OpenAI popularized a pattern of streaming results from a backend API in realtime with ChatGPT. This approach is useful because the time a language model takes to run inference is often longer than what you want for an API call to feel snappy and fast. By streaming the results as they’re produced, the user can start reading them and the product experience doesn’t feel slow as a result.
OpenAI has a nice example of how to use their client to stream results. This approach makes it straightforward to print each token out as it is returned by the model. Most user facing apps aren’t command line interfaces, so to build our own ChatGPT like experience where the tokens show up in realtime on a user interface, we need to do a bit more work. Using Server-Sent Events (SSE), we can display results to a user on a webpage in realtime.
If you’re short on time, Vercel wrote a nice ai
library that handles much of the work we’re about to do here in React, with nice hooks and an easy pattern for hosting a backend (through proprietary).
This exploration is to understand SSE more deeply and look at what it takes to build your own API and UI capable of the UX described.
A simple implementation#
We’re going to build a fastapi
backend to stream tokens from OpenAI to a frontend, which I will build as well.

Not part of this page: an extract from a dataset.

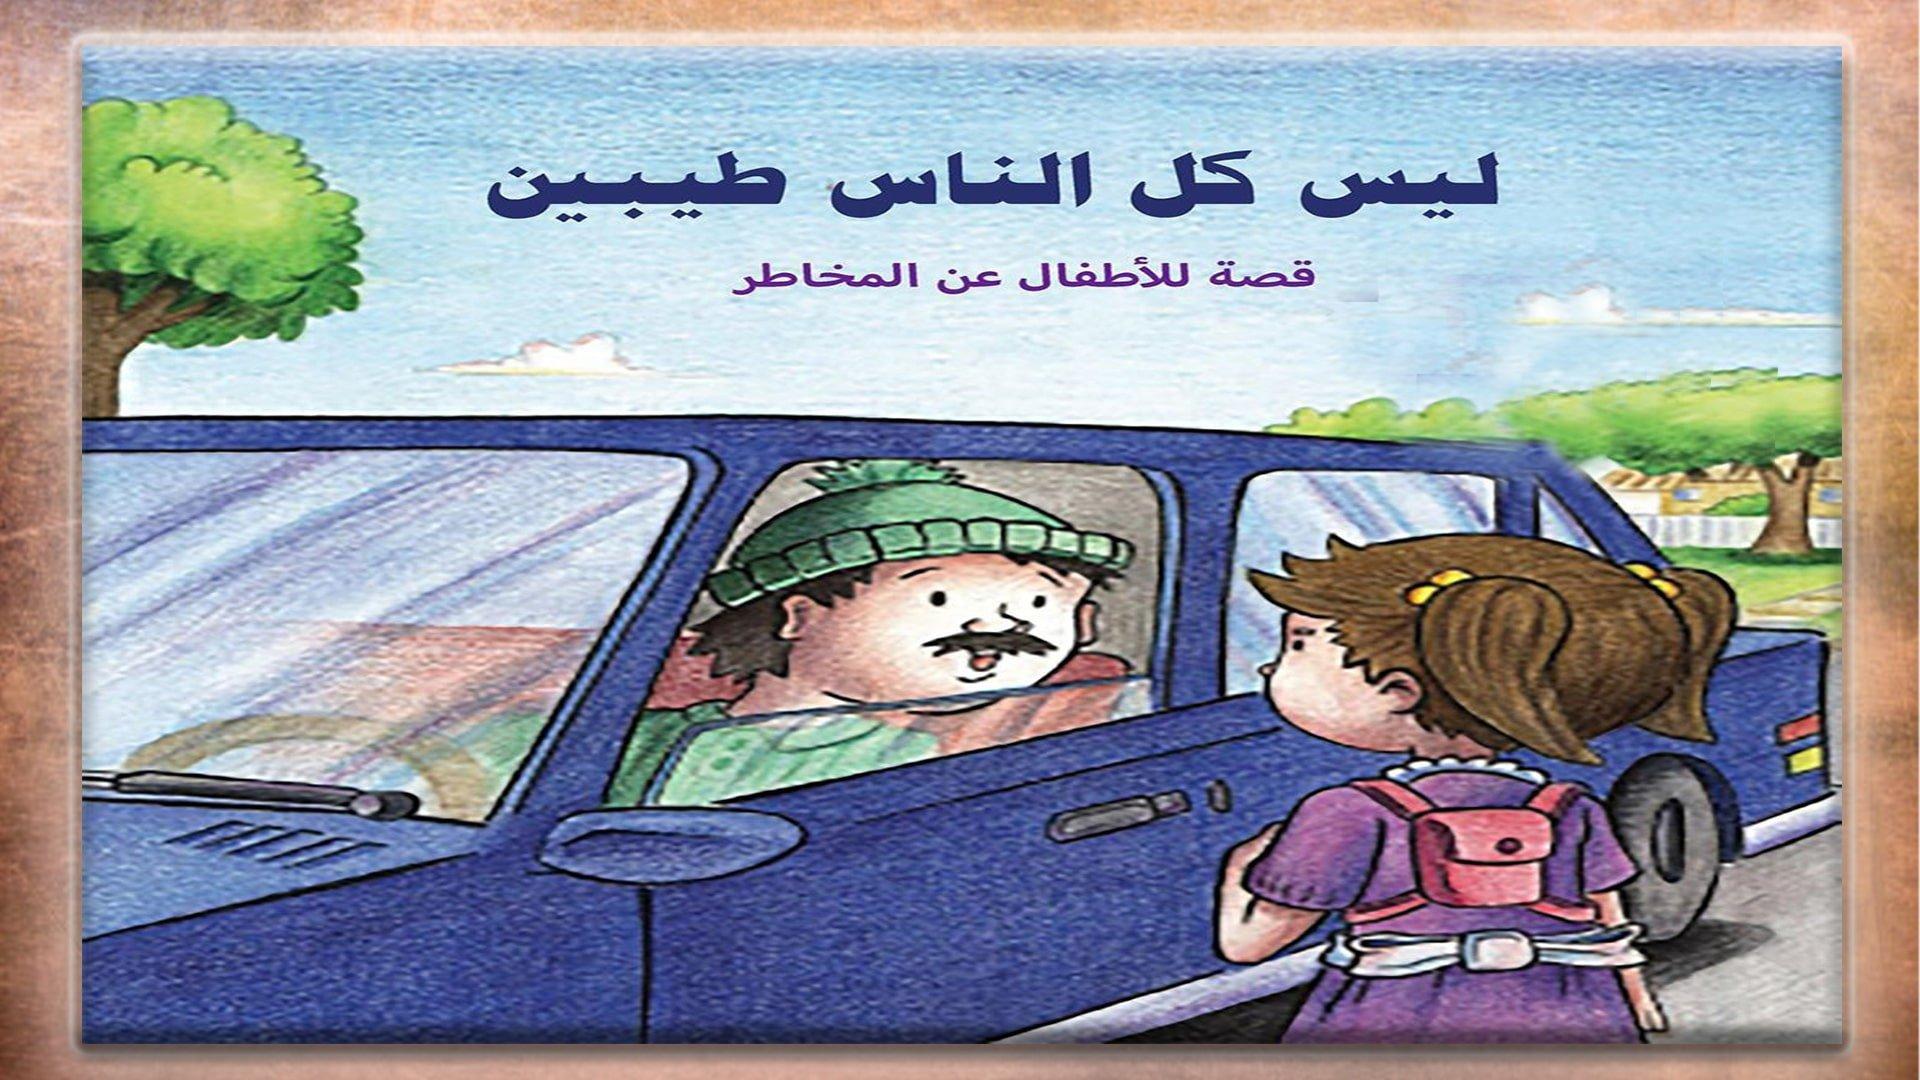 قصة توعي الاطفال بطريقة التعامل مع الغرباء من راويتي تروي قصة
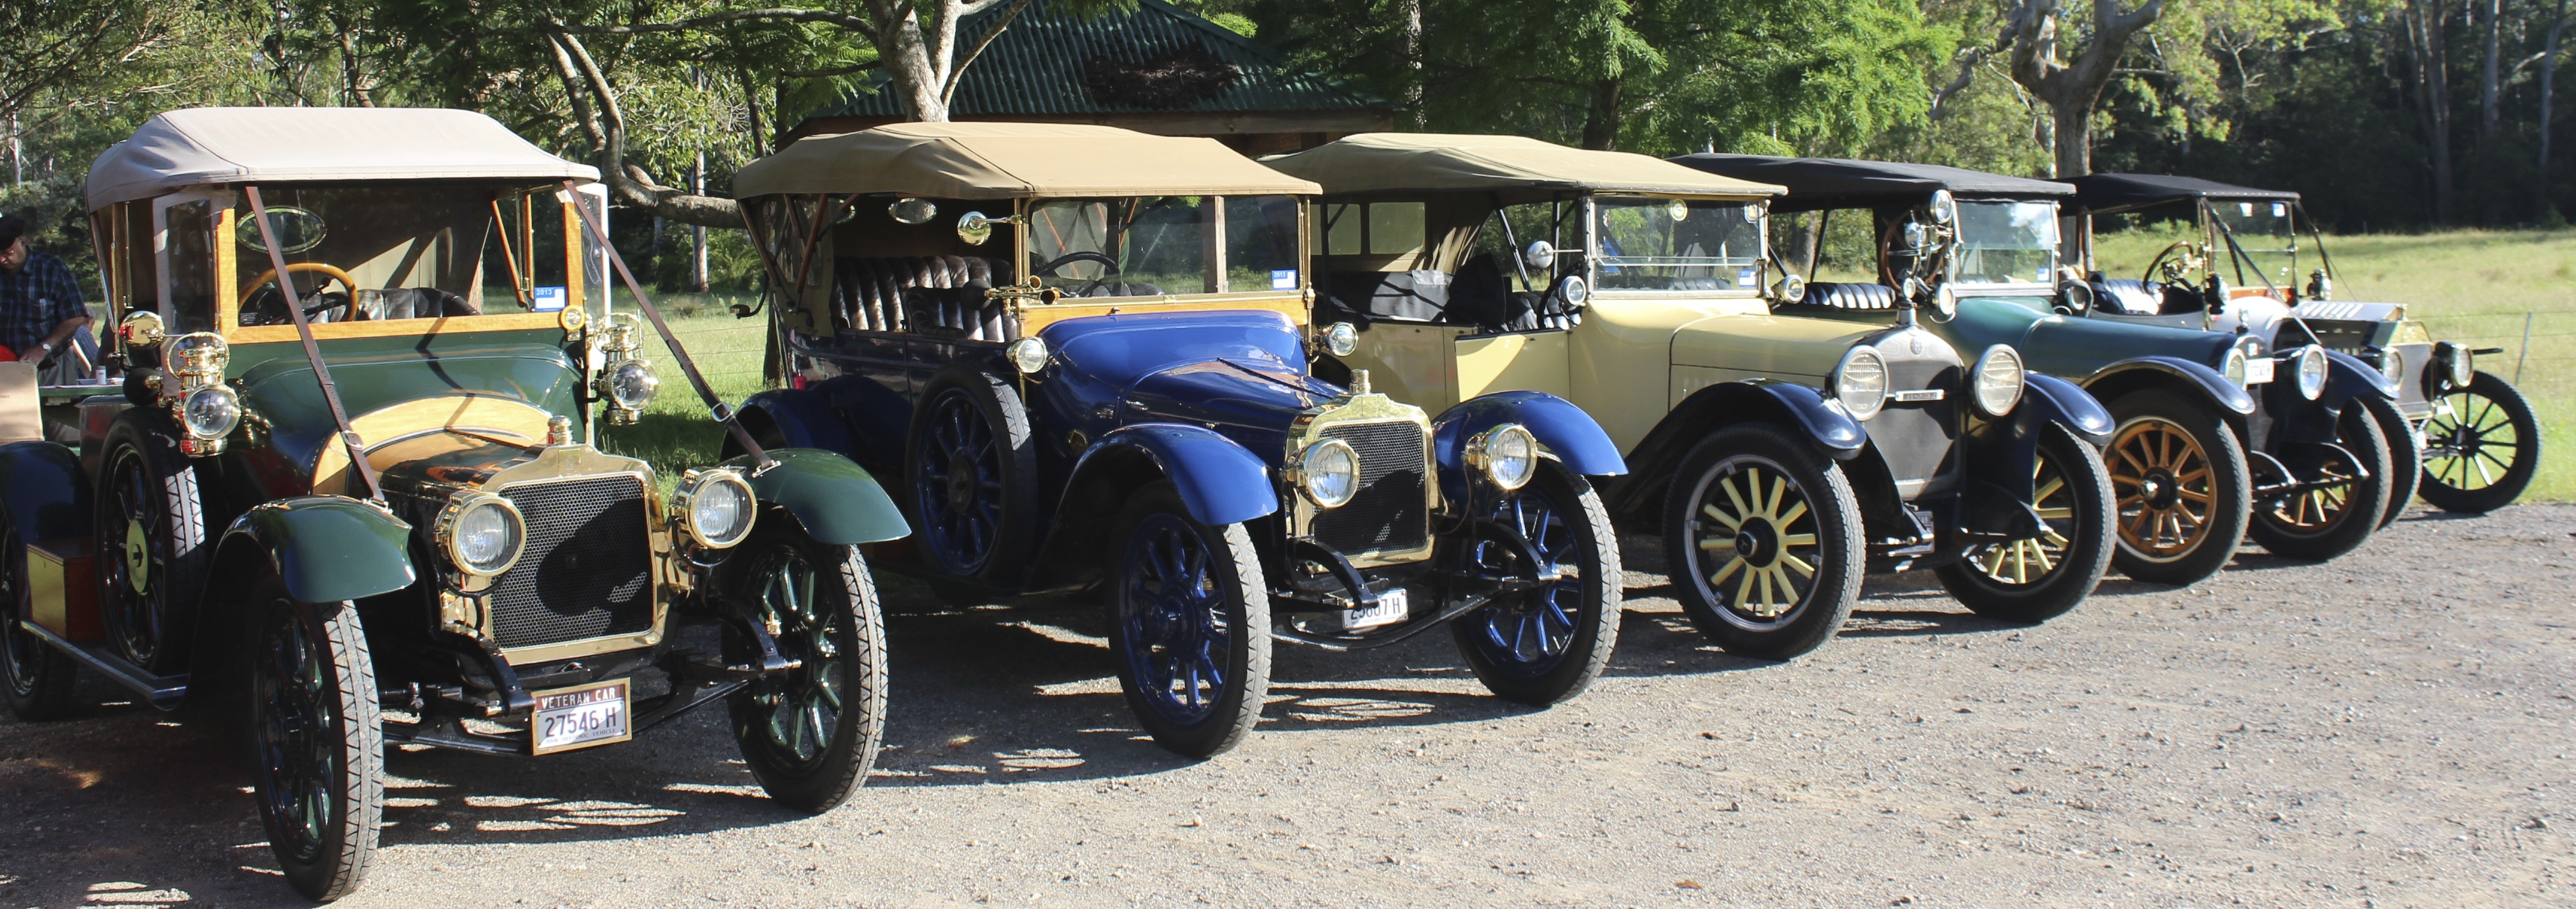 Talbot x 2, 1916 Hupmobile

Let’s start with a simple server that returns at StreamingResponse
.
server.py
from openai import AsyncOpenAI
from fastapi import FastAPI
from fastapi.responses import StreamingResponse
app = FastAPI()
client = AsyncOpenAI()
async def generator(msg: str):
stream = await client.chat.completions.create(
messages=[
{
"role": "user",
"content": msg,
}
],
model="gpt-3.5-turbo",
stream=True,
)
async for chunk in stream:
yield chunk.choices[0].delta.content or ''
@app.get("/")
async def main(msg):
return StreamingResponse(generator(msg))
Run the server
uvicorn server:app --reload
Curl the endpoint shows things are wired together reasonably
โฏ curl "localhost:8000/ask?msg=who%20are%20you"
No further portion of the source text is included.